To be fair, as Lxr points out below, big O notation is an upper bound on the growth rate of a function, and since 2^N grows faster (asymptotically) than (1.618...)^N, O(Fib(N)) <= O(1.618...^N) <= O(2^N) (with some abuse of notation), and the article is technically correct. You may be thinking of big theta notation, which requires both an upper bound and lower bound.

This example is helpful: https://en.wikipedia.org/wiki/Big_O_notation#Use_in_computer...

You are right. I made a mistake, not thinking through big O vs. theta notation. Thanks.

Technically 1.618^N is still O(2^N) but I agree with your point.

I was about to correct you until I realized you used big-O instead of big-theta notation.

Informally we tend to use big-O to mean big-theta which only adds to the confusion.

Actually we don't use it informally as big-Theta, because big-Theta assumes that the lower and upper bound are asymptotically the same.

For example Quicksort is O(n^2) but Omega(nlogn) it is neither Theta(nlogn) nor Theta(n^2).

You probably meant that informally we just assume that the stated bound is as tight as possible.

> For example Quicksort is O(n^2) but Omega(nlogn) it is neither Theta(nlogn) nor Theta(n^2).

No, this is flat out wrong. Big O is an upper bound on an asymptotic growth rate. Big Omega is a lower bound on the asymptotic growth rate. Big Theta is a tight bound on the asymptotic growth rate. These are independent to the average case, best case, or worst case run time of a given algorithm.

Quicksort has an average run time of Theta(n lg n). Equivalently, its average run time is O(n lg n) and Omega(n lg n). It has a worst case run time of Theta(n^2). Equivalently, its worst case run time is O(n^2) and Omega(n^2).

> Actually we don't use it informally as big-Theta,

Wrong again.

You can state that quicksort has run time O(n^2). The function you're describing with O(n^2) is f : S -> R, where S is the set of input values and R is the set of real numbers, and f(x) is the running time of running quicksort on input value x, and n : S -> N is the size of input value x. The notation O(g(n)) describes the function f in terms of the function n.

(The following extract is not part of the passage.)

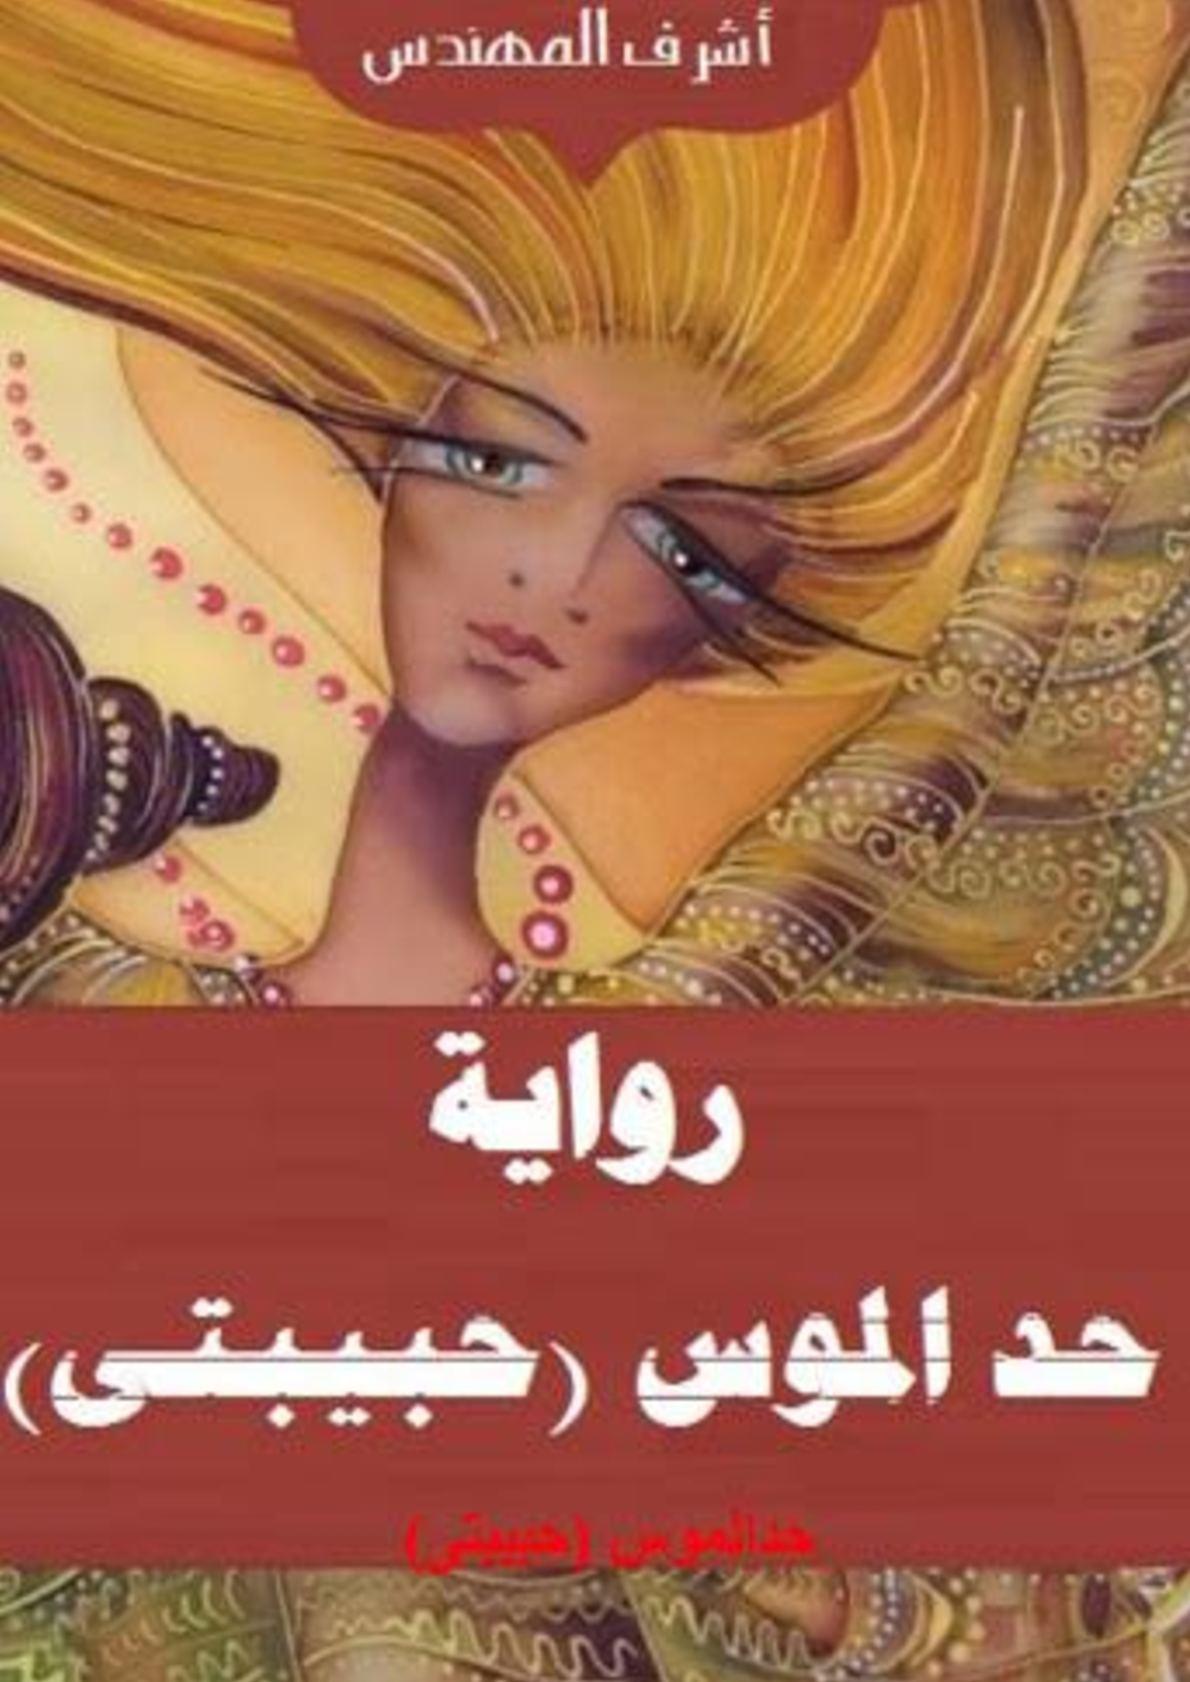 cd88baa7d Calaméo - رواية حد الموس بقلم اشرف المهندس

That f is in O(g(n)) means there exist constants C and N_0 such that for all x in S, provided that n(x) >= N_0, it is true that |f(x)| <= |C g(n(x))|.

And that f is in Omega(g(n)) means there exist C > 0 and N_0 such that for all x in S, provided that n(x) >= N_0, it is true that |f(x)| >= |C g(n(x))|.

Perhaps it is you that need to be educated.

They are independent only if you explicitly state that you are computing them for best/average/worst case independently. Is it commonly done? Sure. But there is nothing in the definition that forces us to do that.

If the things were as you state would you have any use for Omega and Omicron then? Wouldn't just Theta suffice?

> But there is nothing in the definition that forces us to do that.

That's true. You're right.

> If the things were as you state would you have any use for Omega and Omicron then? Wouldn't just Theta suffice?

Couldn't there be cases where we don't have a known tight asymptotic bound but do have an upper and/or lower bound? And although it's an abuse of notation, you do often see big-O used in place of Theta. From CLRS:

"In the literature, we sometimes find O-notation informally describing asymptotically tight bounds, that is, what we have defined using Theta-notation."

My interpretation is that "O(...)" informally means "Theta(...) in the average/amortized case". In the average case, Quicksort is Theta(n log n).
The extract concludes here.